At present, Section 80 C of the Income Tax Act does not provide for a focused benefit on housing which is the largest and most important expense item for most taxpayers during their lifetimes. Taxpayers have numerous investment alternatives to choose from and the lack of exclusive tax benefit on the principal amount of home loans makes consumers indifferent towards a house purchase. A separate annual deduction of INR 150,000 for principal repayment will improve housing affordability and provide the much-needed fillip to opt for home loans.

Solution ii: Hiking home loan deduction limit under section 24

Section 24 currently allows for a deduction of INR 2 lakh on housing loan interest. This needs to be extended to INR 5 lakh to boost affordability and housing sales.

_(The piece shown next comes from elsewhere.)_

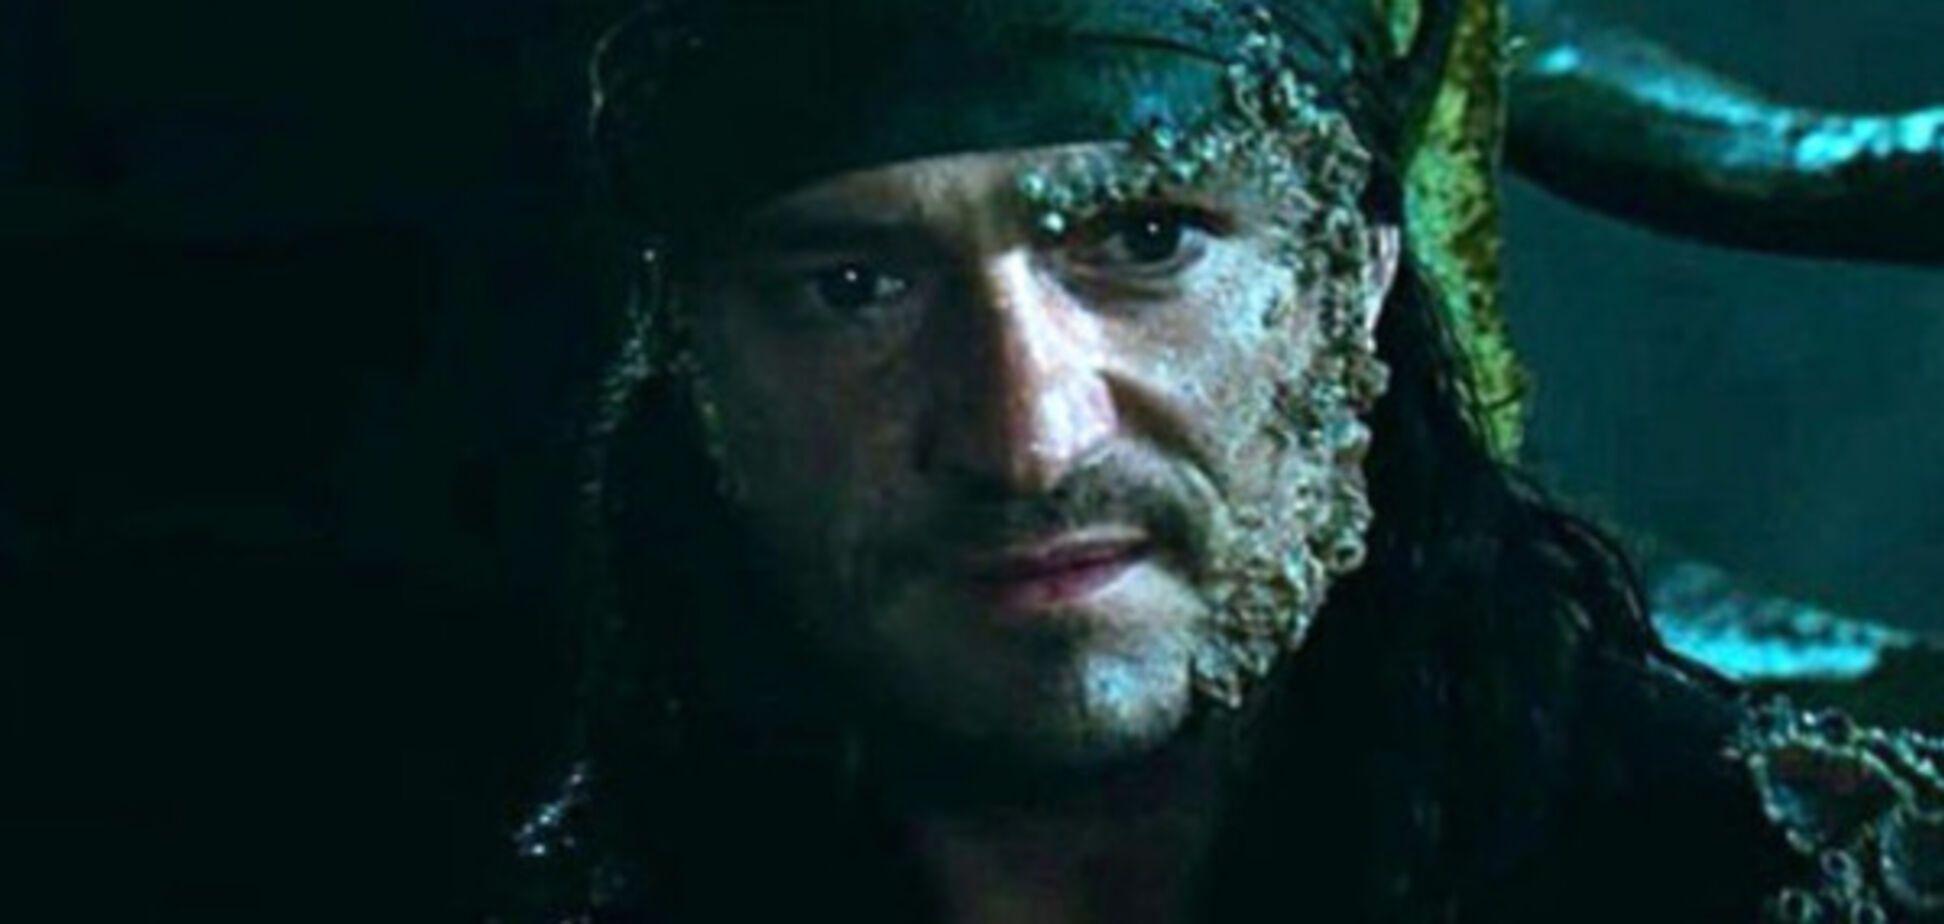 Возвращение Орландо Блума: вышел новый трейлер 'Пиратов Карибского моря'

Solution iii: Establish city-wise ticket size criteria for affordable housing to factor in local market realities

Currently, an affordable housing unit cannot exceed a carpet area of 90 sqm in non-metropolitan cities and towns and 60 sqm in major cities. In both cases, the cost of the unit cannot exceed INR 45 lakh. While these criteria are appropriate for cities where there is sufficient housing inventory available within the area and cost limits, they leave homebuyers in the more expensive cities such as Mumbai with very few options. Developers are also forced to increasingly reduce individual unit sizes to qualify under these criteria and similarly, buyers also must submit to this status quo despite the obvious inadequacies that this small residence comes with. The ticket size criteria need to be increased to at least INR 80 lakh in a city like Mumbai so that a larger proportion of the population can take advantage of this provision.